ASSIGNMENT ->
Write out the full listing exactly as given, minus the images.

GIVEN MATERIAL ->
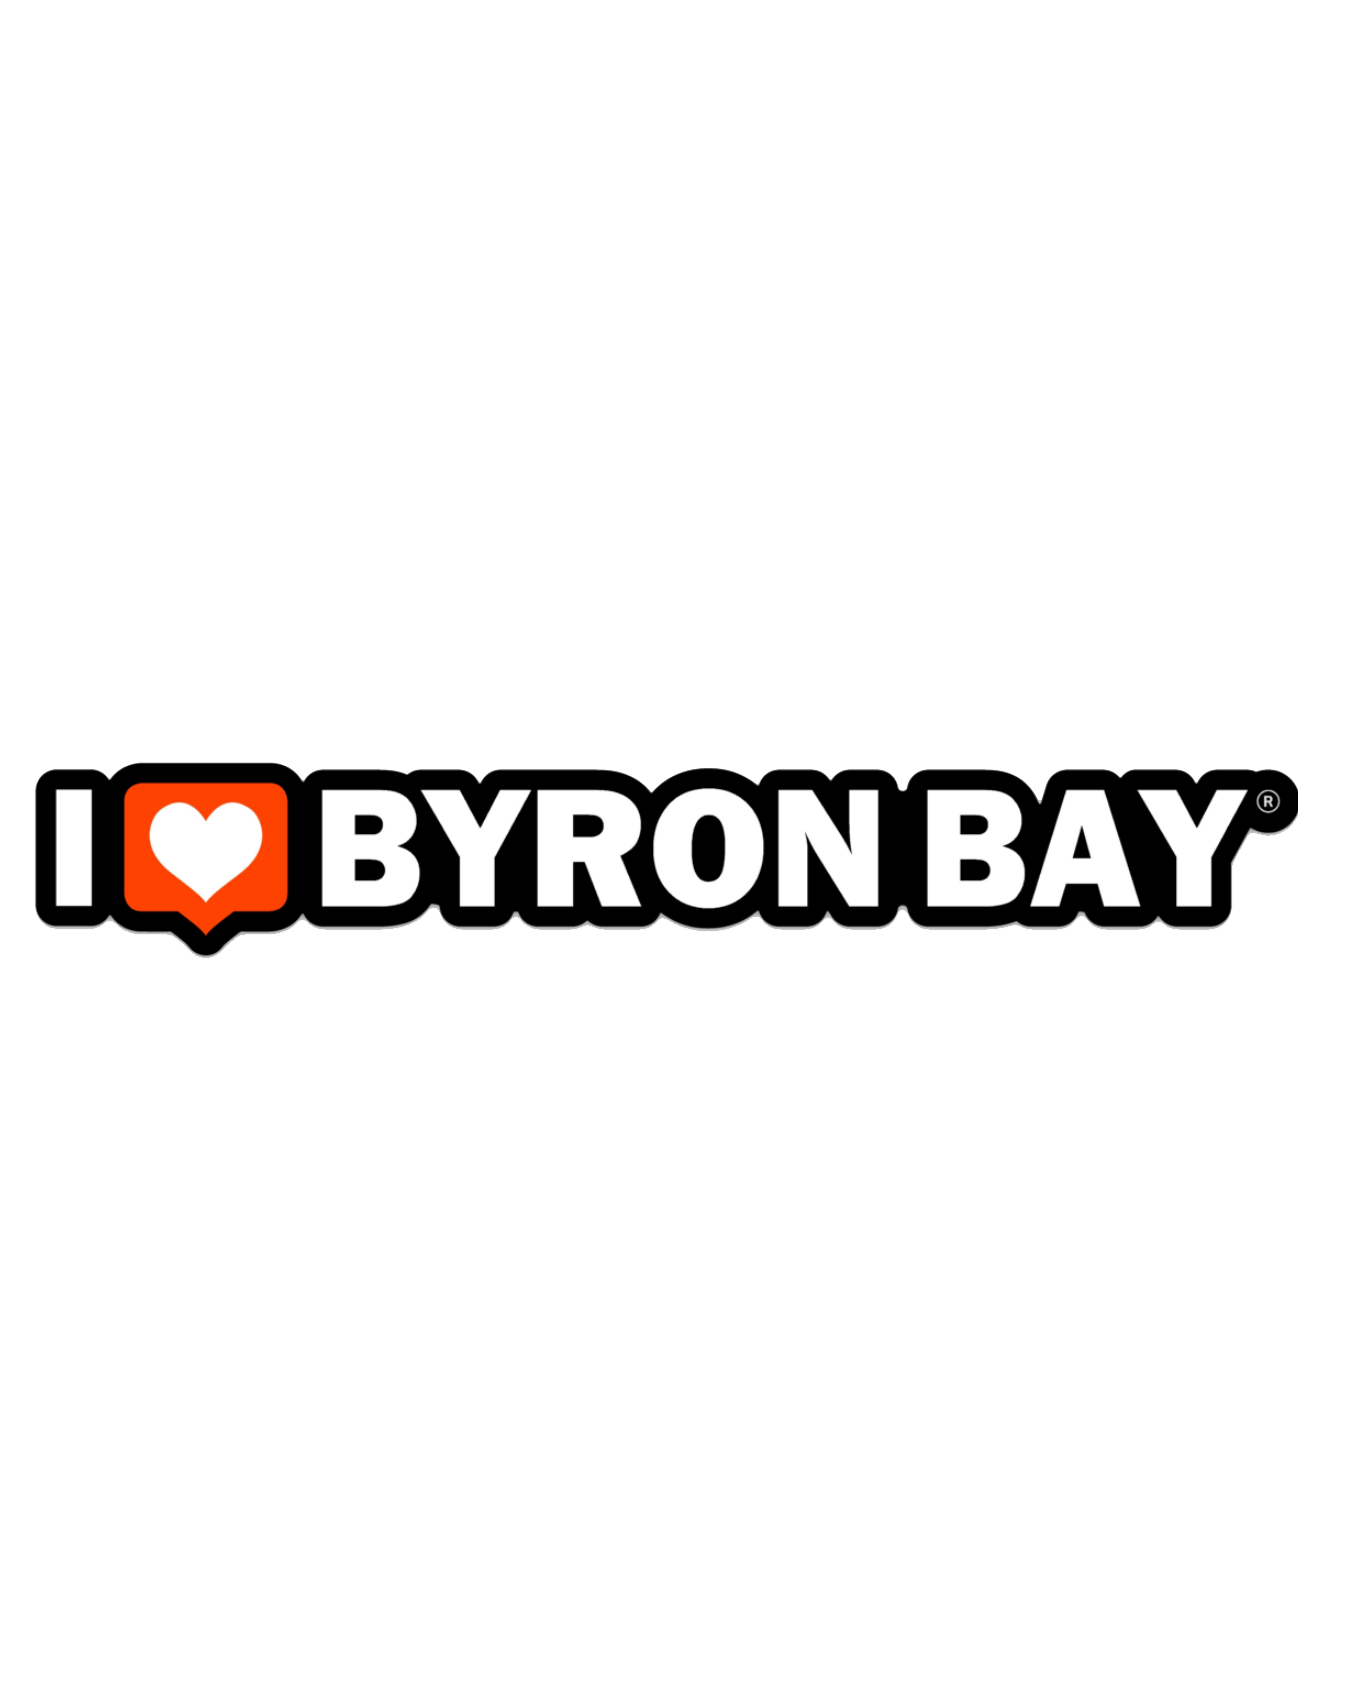 I LOVE BYRON BAY Bumper
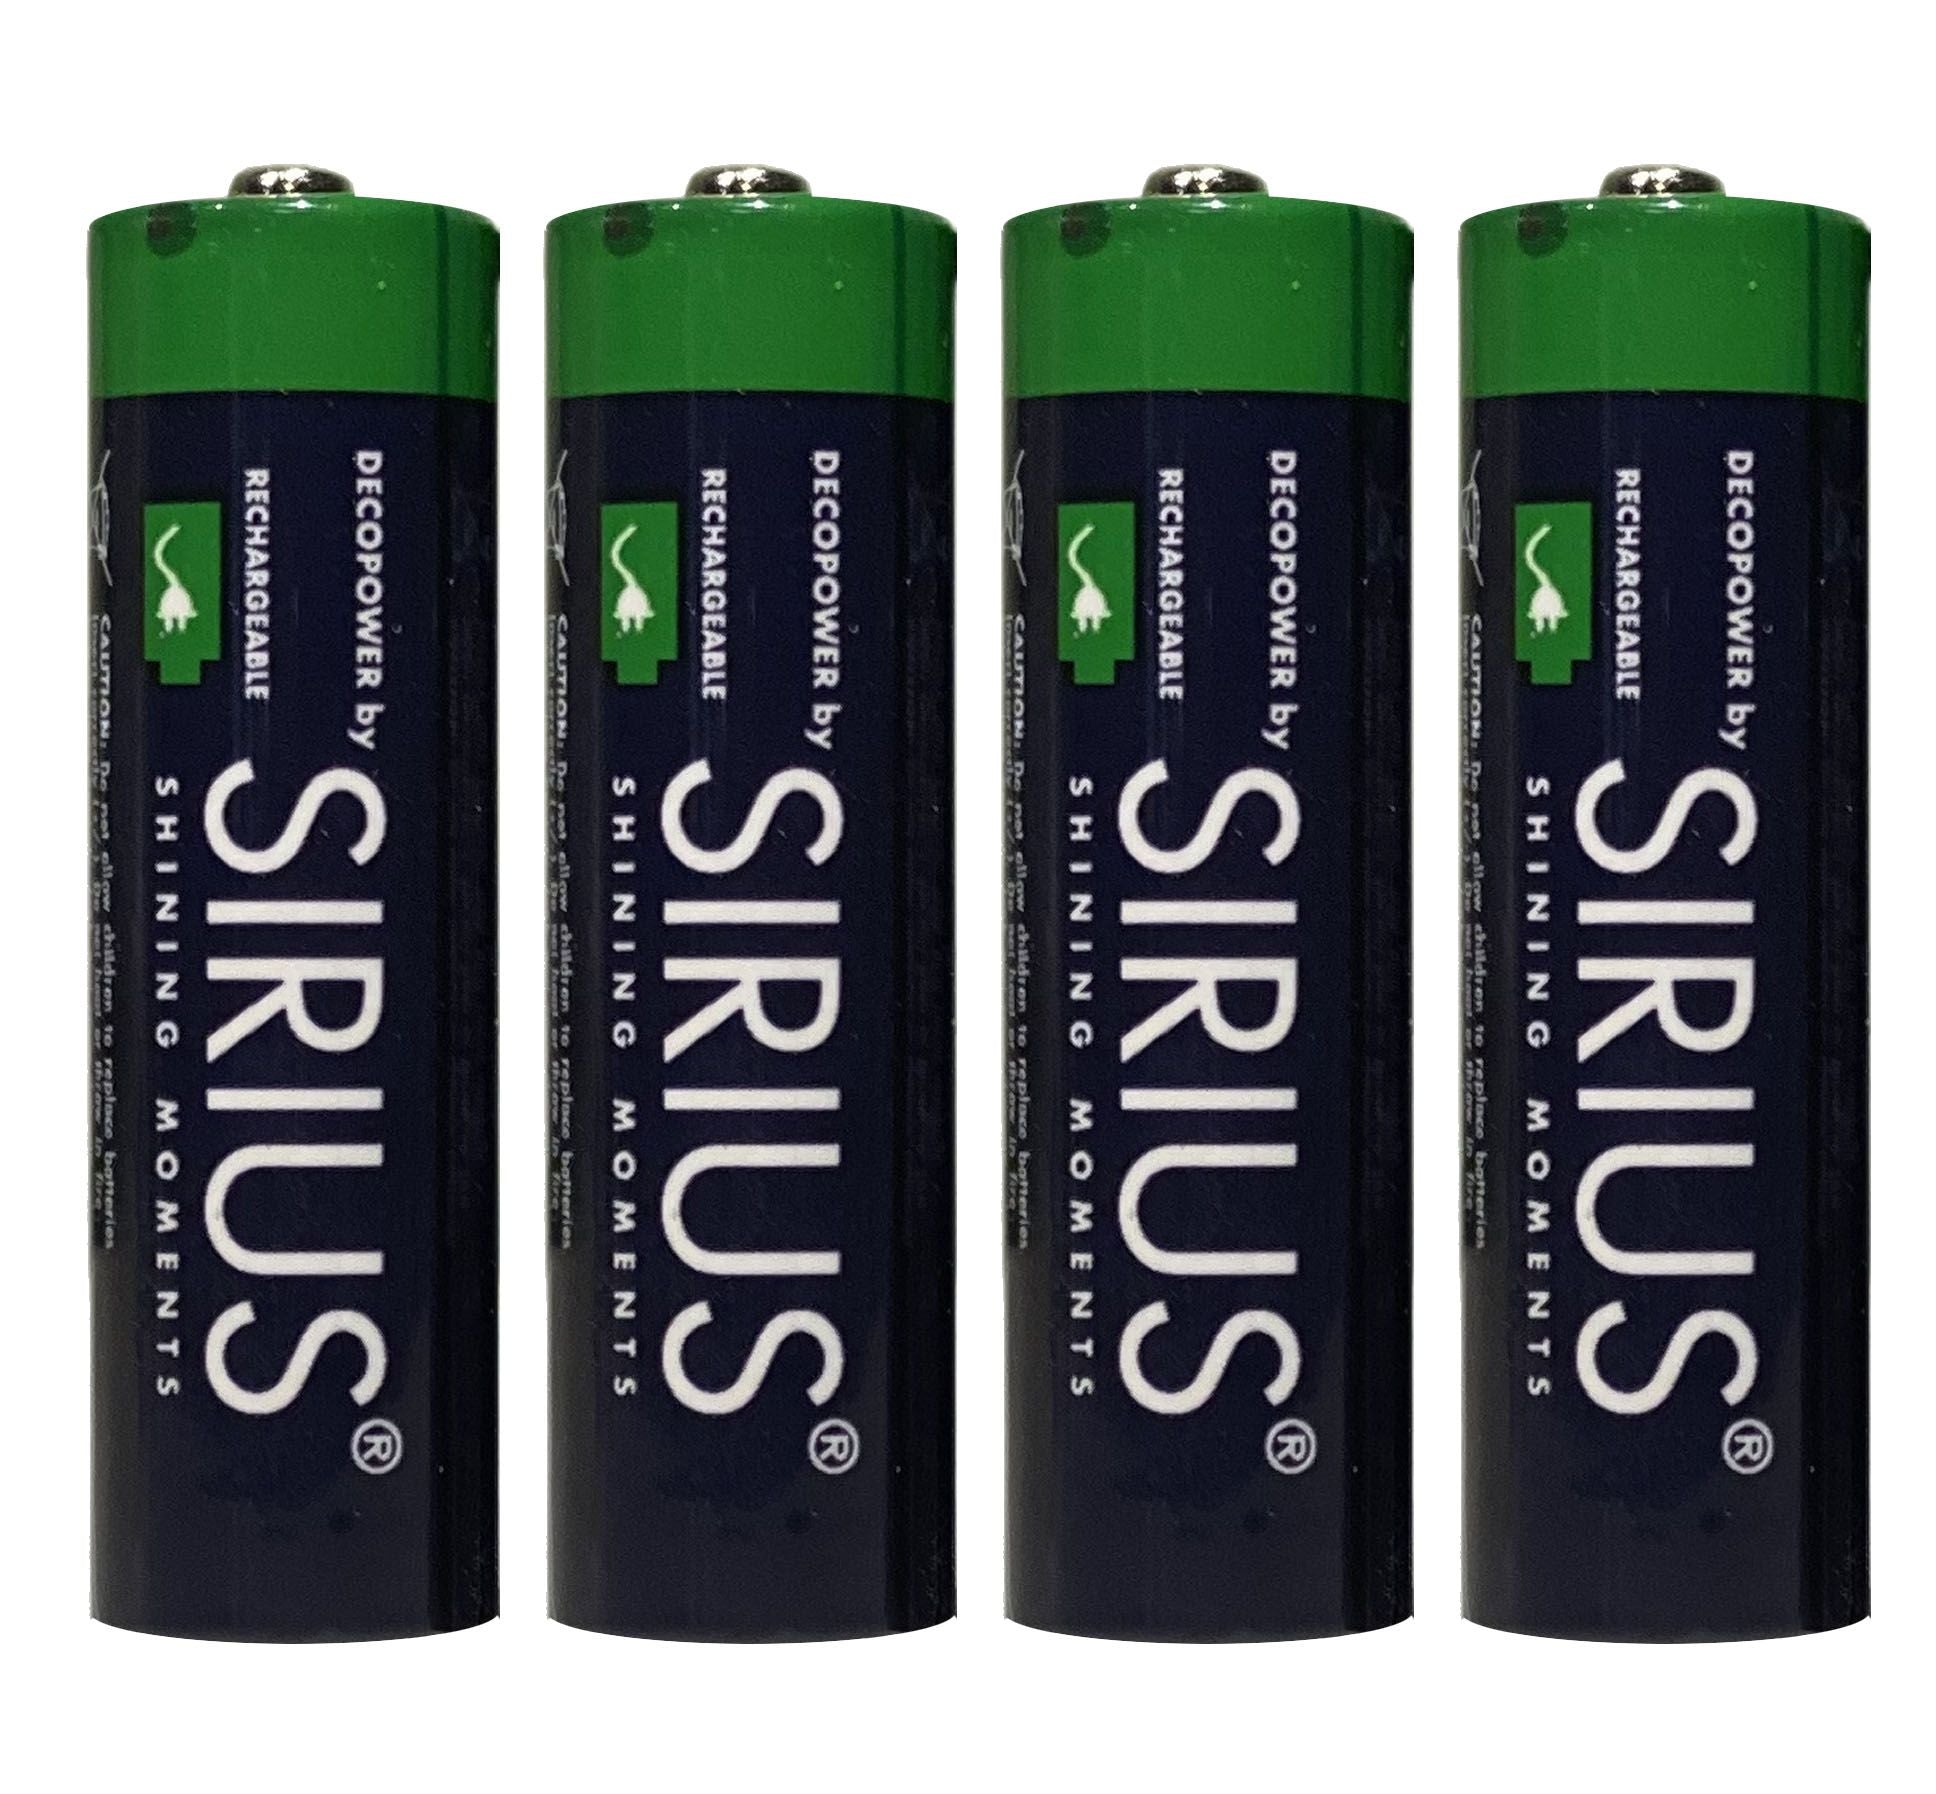 Sirius Deco Power AA Batteries rechargeables, 4 PCS Set
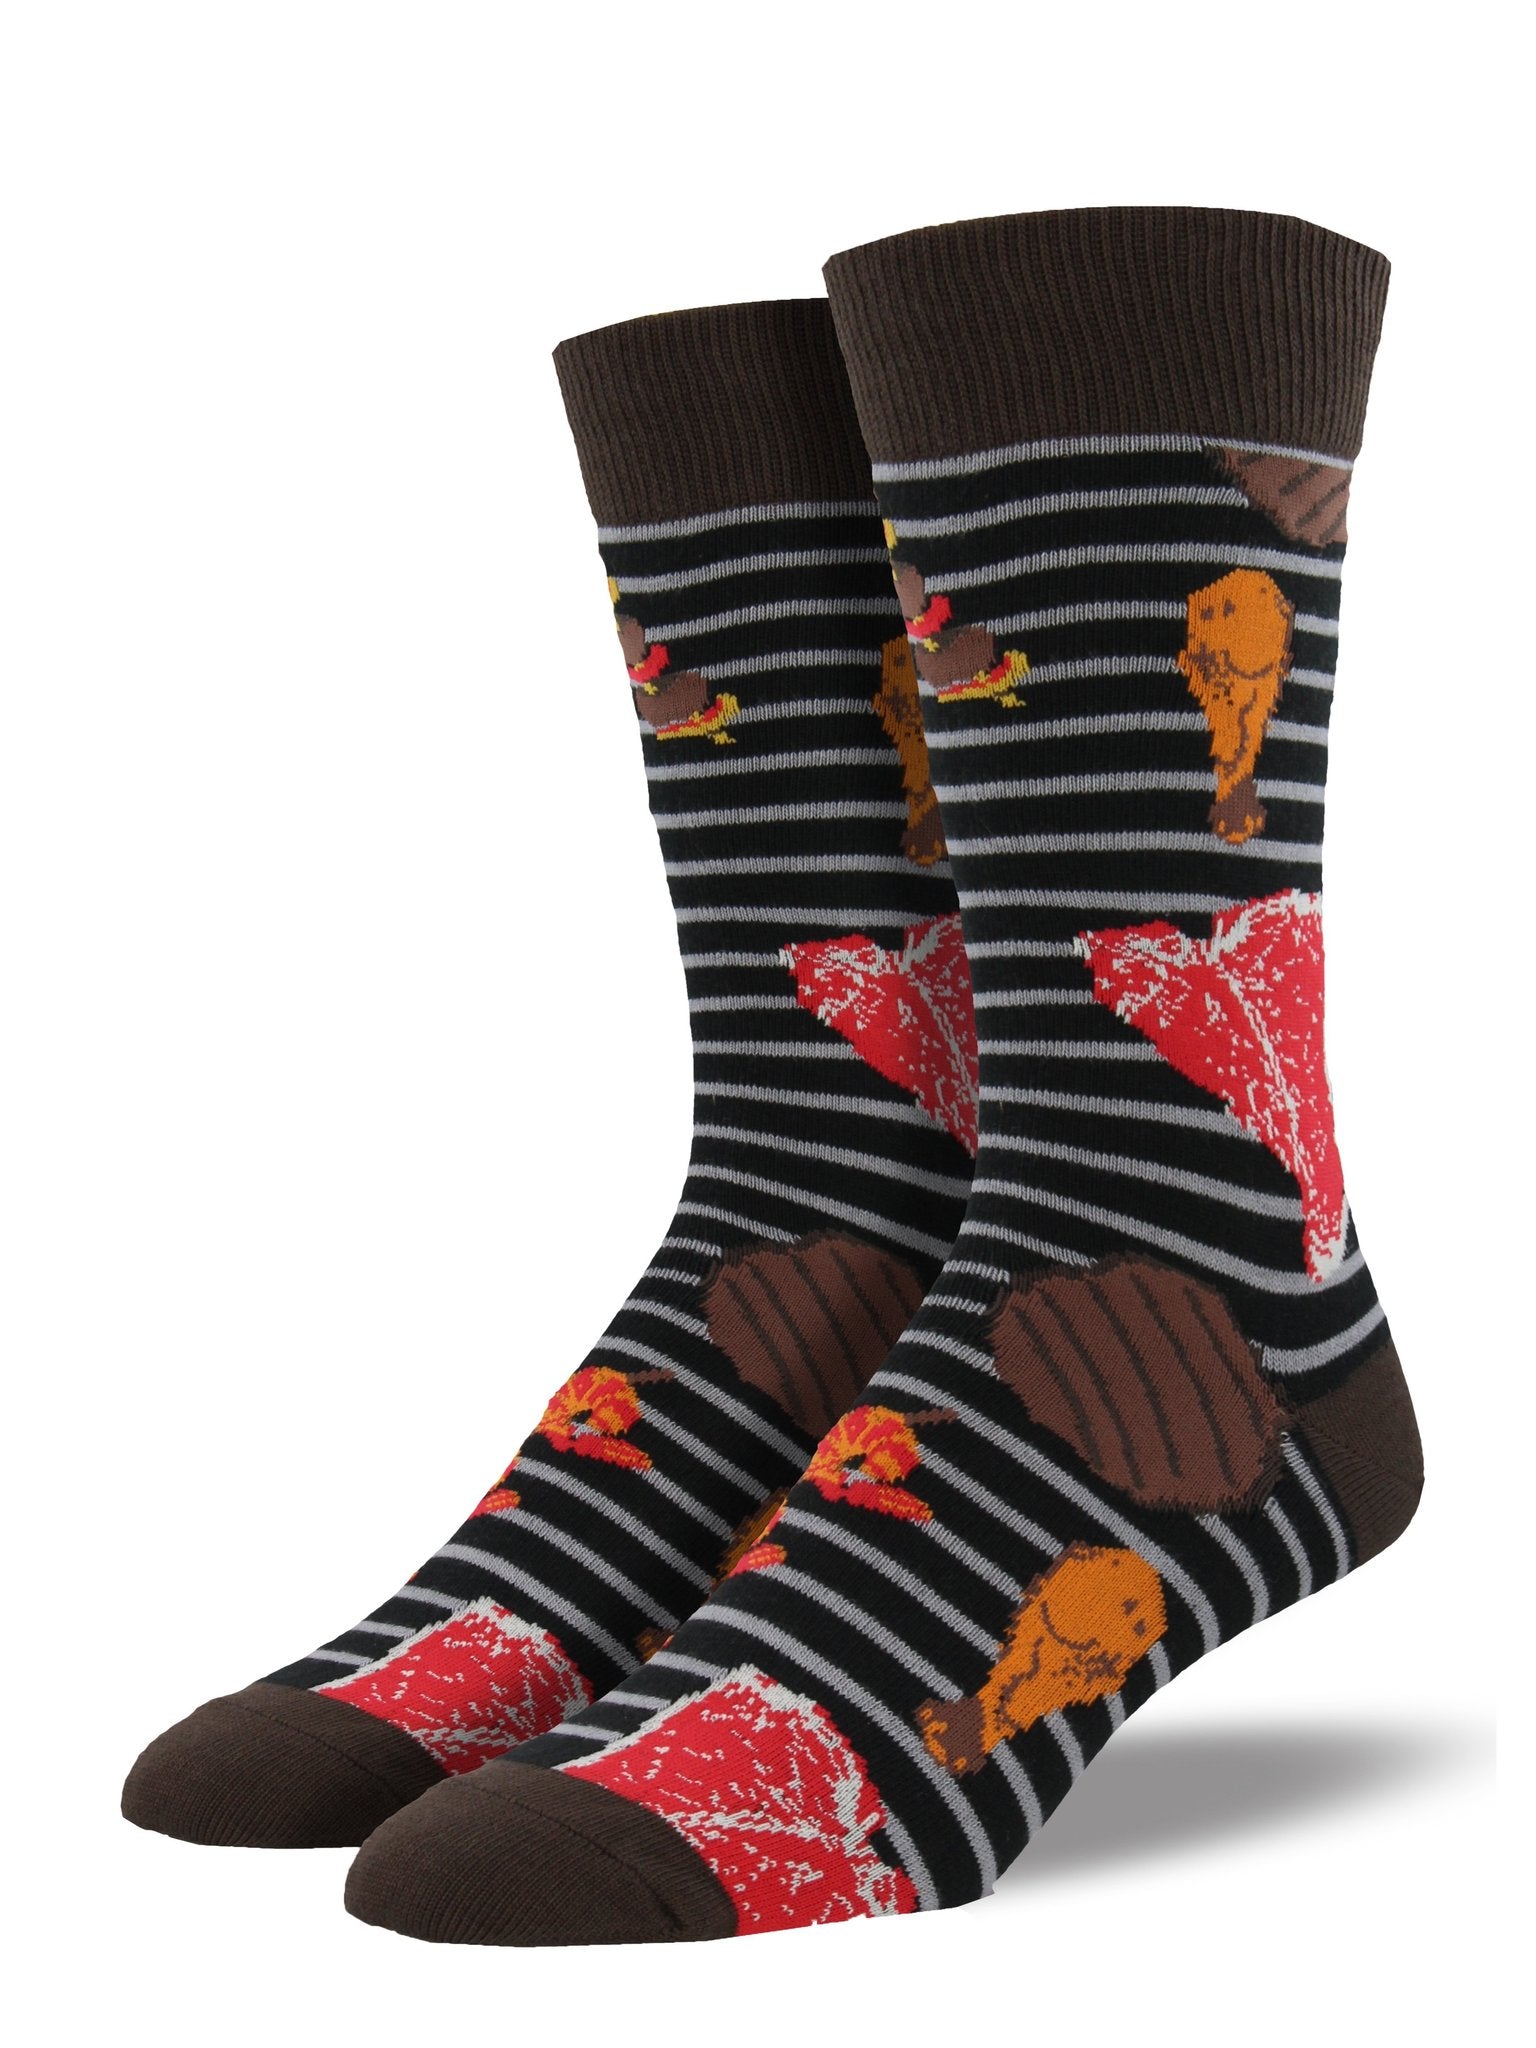 Grillin & Chillin Men's Socks

ANSWER SPACE ->
 I LOVE BYRON BAY Bumper
 Sirius Deco Power AA Batteries rechargeables, 4 PCS Set
 Grillin & Chillin Men's Socks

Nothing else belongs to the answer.